[What the task asks]: The following data needs to be repeated exactly, with all images excluded.

======== Information shown ========

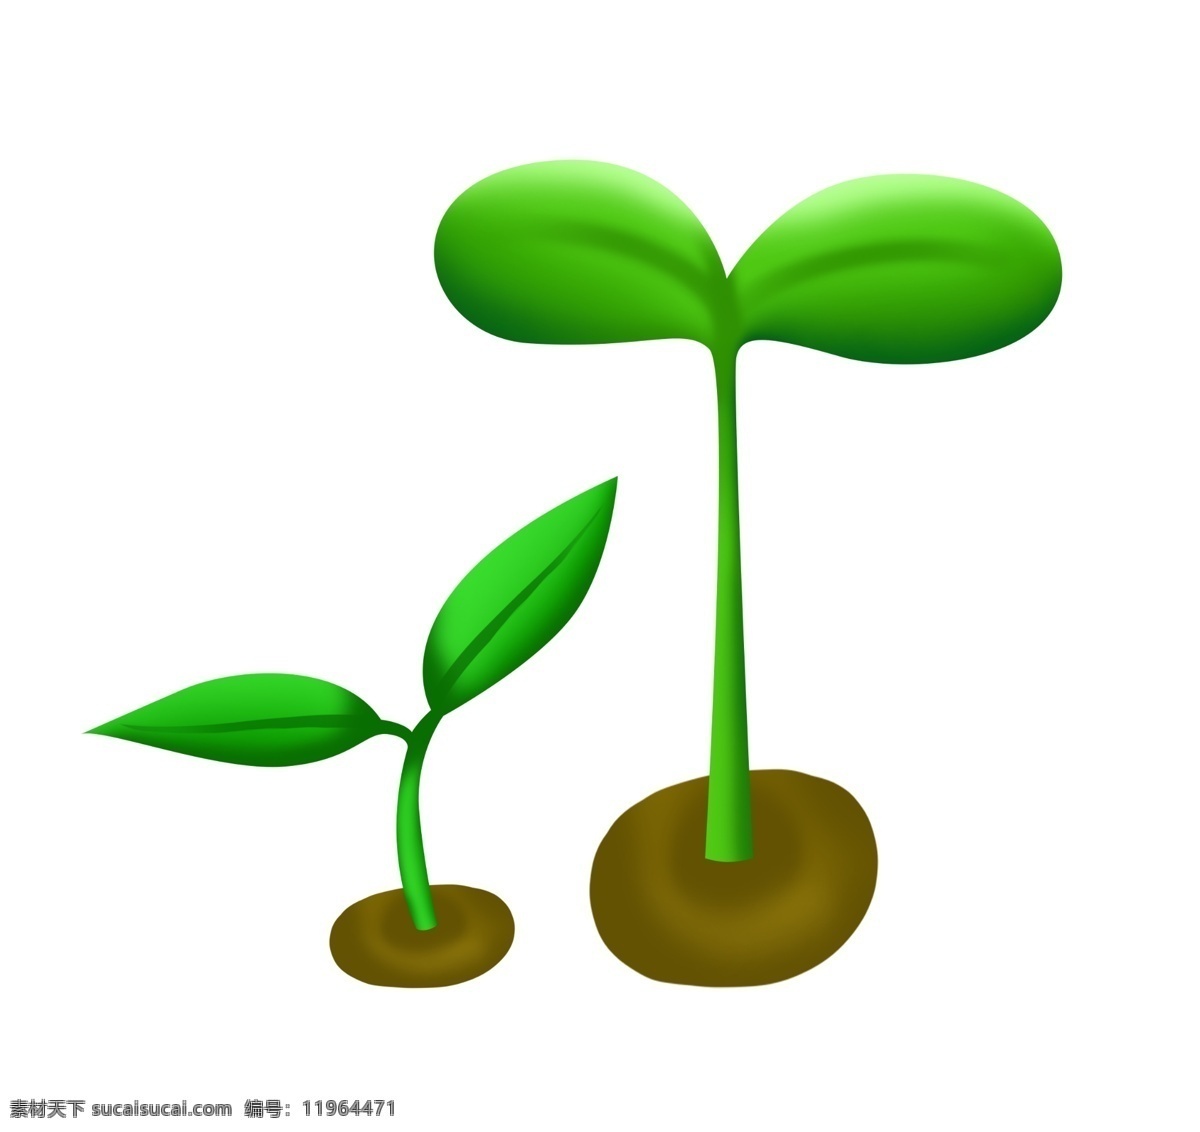 小树苗 树苗 绿色树苗 土堆 生长的树苗 树 小树 小苗 绿色植物
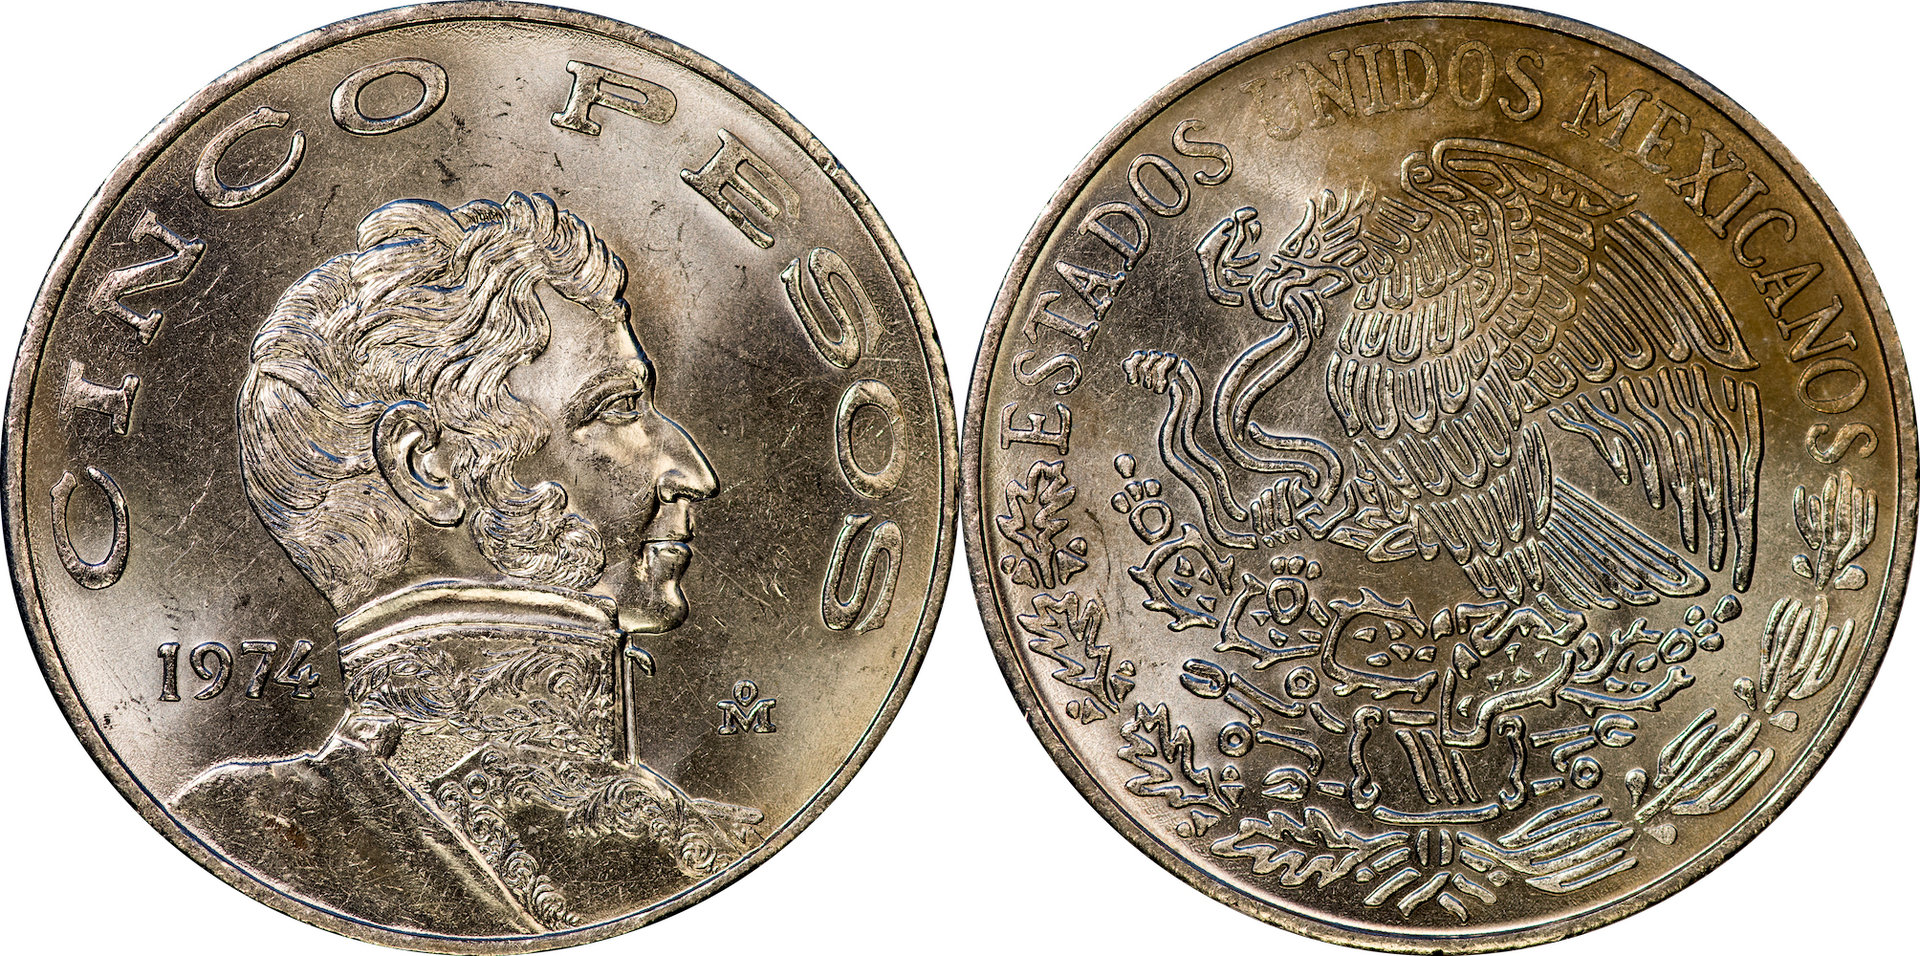 Mexico - 1974 5 Pesos.jpg
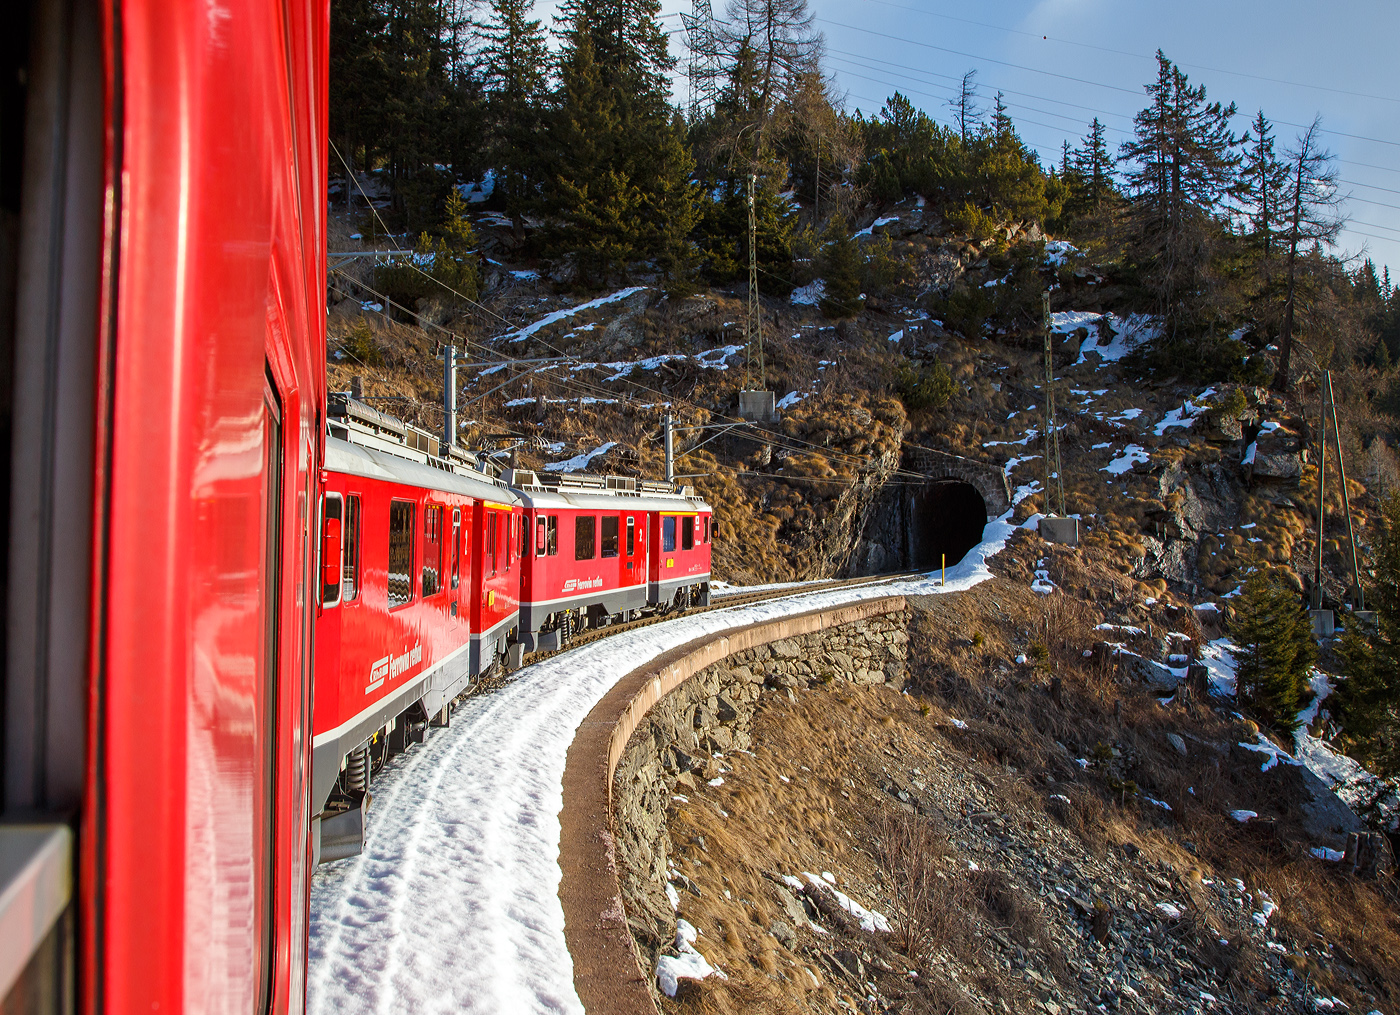 Geführt RhB ABe 4/4 III Bernina-Triebwagen 54  Hakone / 箱根町  und 53  Tirano  fährt unser RhB Bernina-Regio von Tirano nach St. Moritz am 20 Februar 2017 vom Puschlav (Val Poschiavo) hinauf in Richtung Cavaglia 1.692 m ü. M. (bzw. Alp Grüm  und  Ospizio Bernina).

Hier fahren wir gleich in den 46 m langen Puntaltotunnel (bei km 33,787) ein.

========

[Exercise output]:
 小树苗 树苗 绿色树苗 土堆 生长的树苗 树 小树 小苗 绿色植物
 Mexico - 1974 5 Pesos.jpg
 Geführt RhB ABe 4/4 III Bernina-Triebwagen 54  Hakone / 箱根町  und 53  Tirano  fährt unser RhB Bernina-Regio von Tirano nach St. Moritz am 20 Februar 2017 vom Puschlav (Val Poschiavo) hinauf in Richtung Cavaglia 1.692 m ü. M. (bzw. Alp Grüm  und  Ospizio Bernina).

Hier fahren wir gleich in den 46 m langen Puntaltotunnel (bei km 33,787) ein.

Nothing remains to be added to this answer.